Words from Dic(tionary)

dictionary with letter A

Akimbo: (adv) with limbs flung out widely or haphazardly. e.g.: she fell on the ice, arms and legs akimbo

It happens from time to time.

I think it’s because some people come into a motel room and use the shower for oil treatments, hair coloring or perhaps they have particularly slippery shampoos or conditioners. I’m not sure.

But you will occasionally come across a porcelain surface in a shower stall that is so slippery that you will suddenly find yourself sliding in every direction as you grope for the wall, only to discover that these tiles are equally as slippery–lending itself to the possibility of an uncontrolled sprawl.

The danger here is simple. If you try to correct your tumble too quickly, you actually increase the possibility of ending up akimbo, with parts of your legs and arms broken in the process. After all, usually people don’t really get hurt during a fall.

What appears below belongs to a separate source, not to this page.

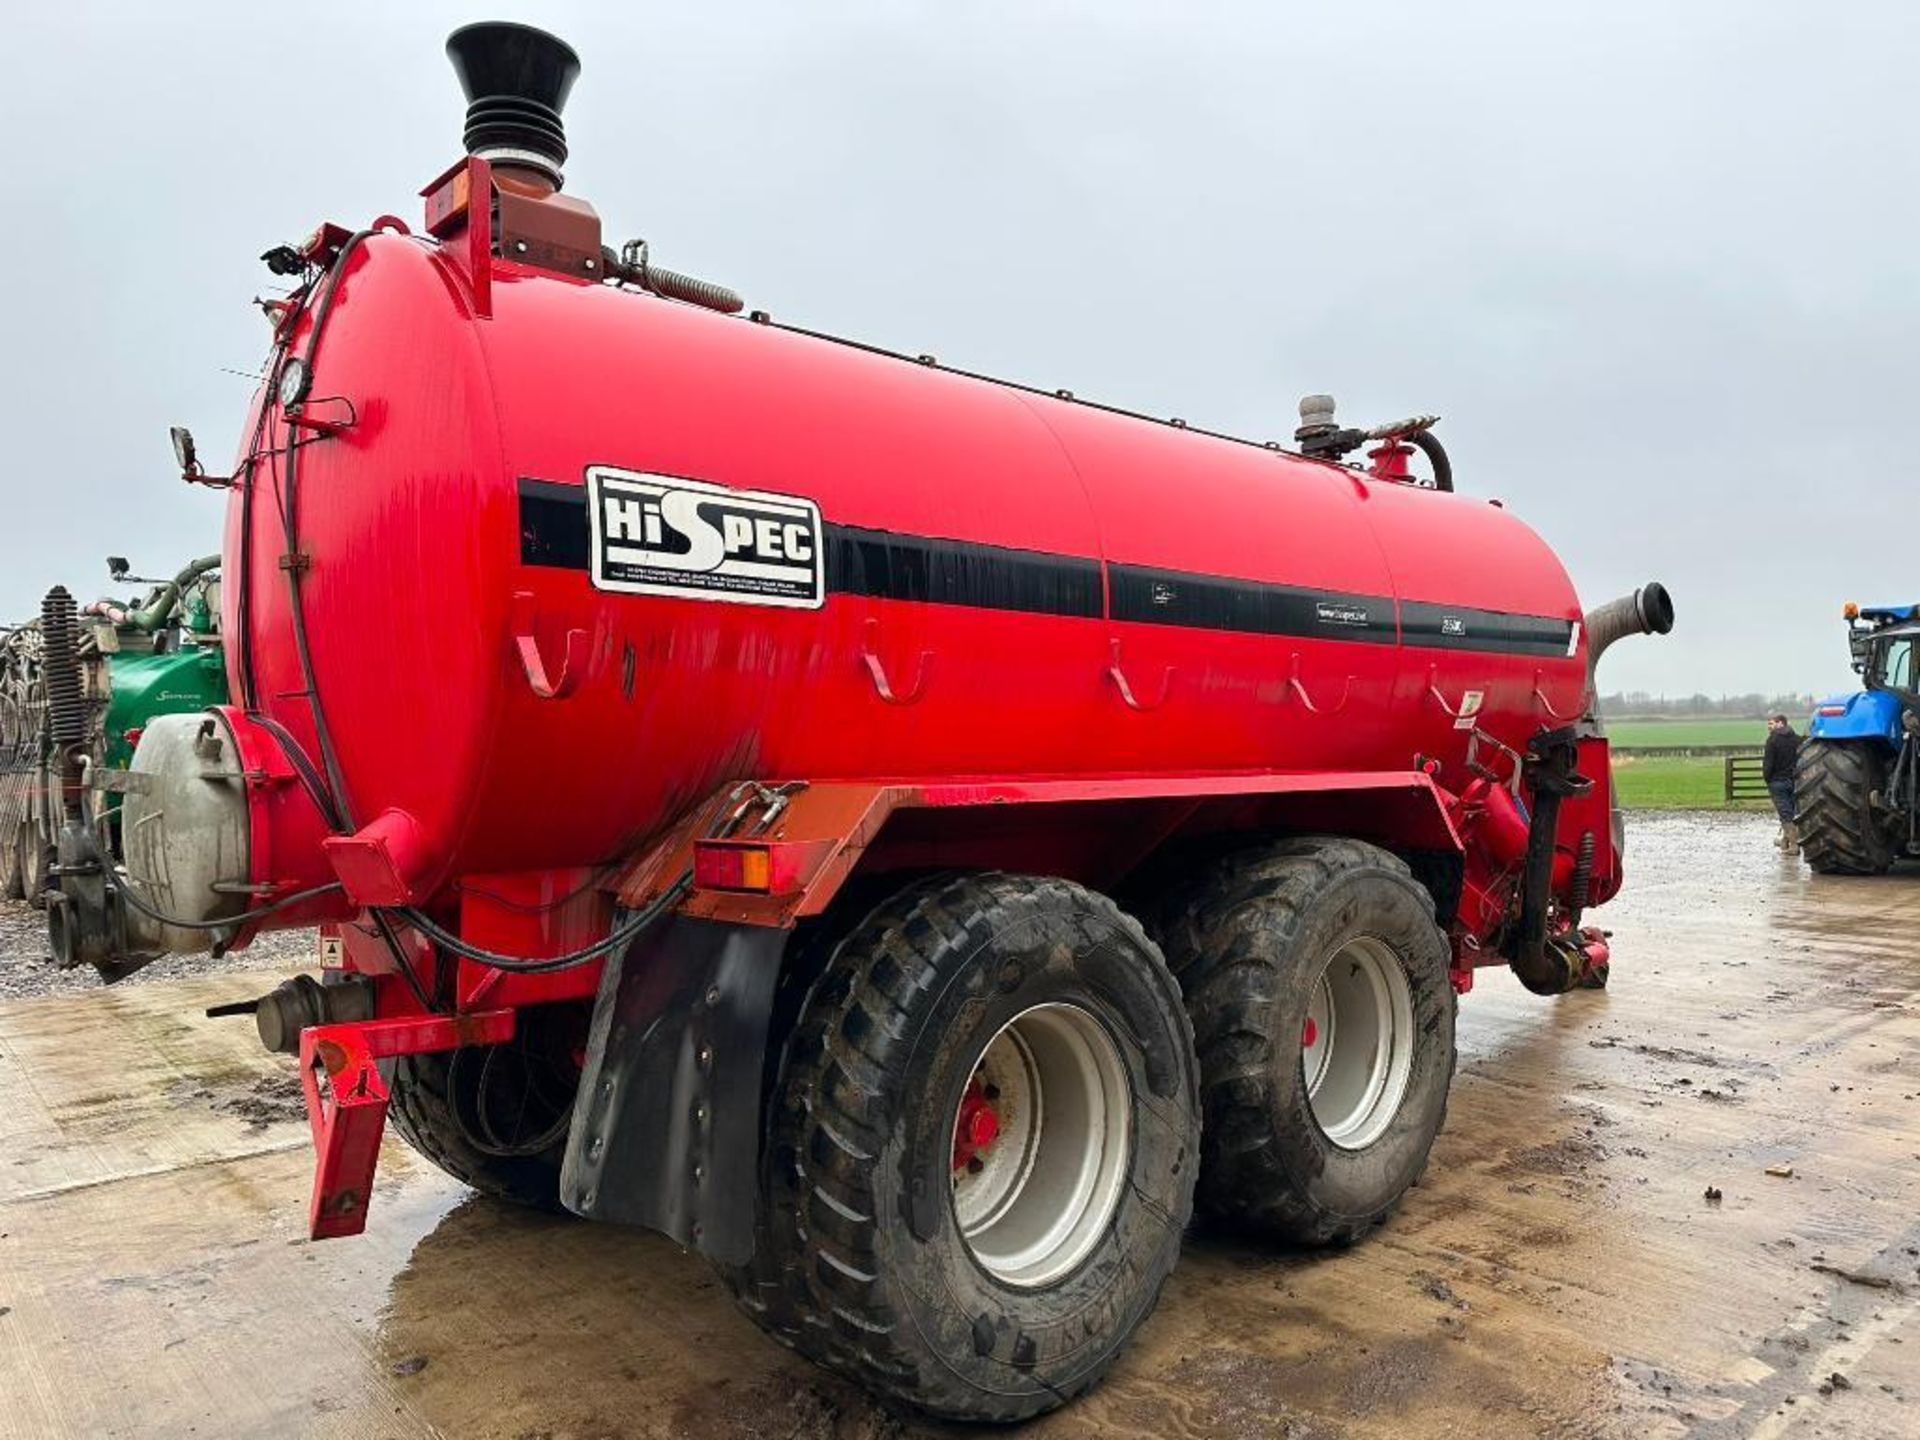 2017 HiSpec TDS 3500 twin axle 3,500 gallon slurry tanker, after market suction funnels, 8" auto fil - Image 9 of 11

Most of the time we suffer the damage by attempting to correct the spill–inaccurately.

This happened to me recently in one of those shower situations, as I began to slide in four different directions, incapable of handling more than two. My blood pressure shot up, fear gripped my soul and I had the instinct to try to rectify my situation quickly.

But I didn’t.

Instead, I allowed myself to slide to a position where I ceased to fall uncontrollably. I froze for a moment, regaining my wits, and then found a way to simply lean back and land with a safe bounce on my ass.

It was beautiful. It was wonderful. It was controlled. It was creative. It kept me from asking parts of my body that were not suited towards weird angles to restructure their joints and ligaments.

Because even though I may never use the word “akimbo” ever again, I do understand that arms and legs were never meant to be asses.

The ass learned a long time ago that it has a calling in a crisis–to handle all the crap.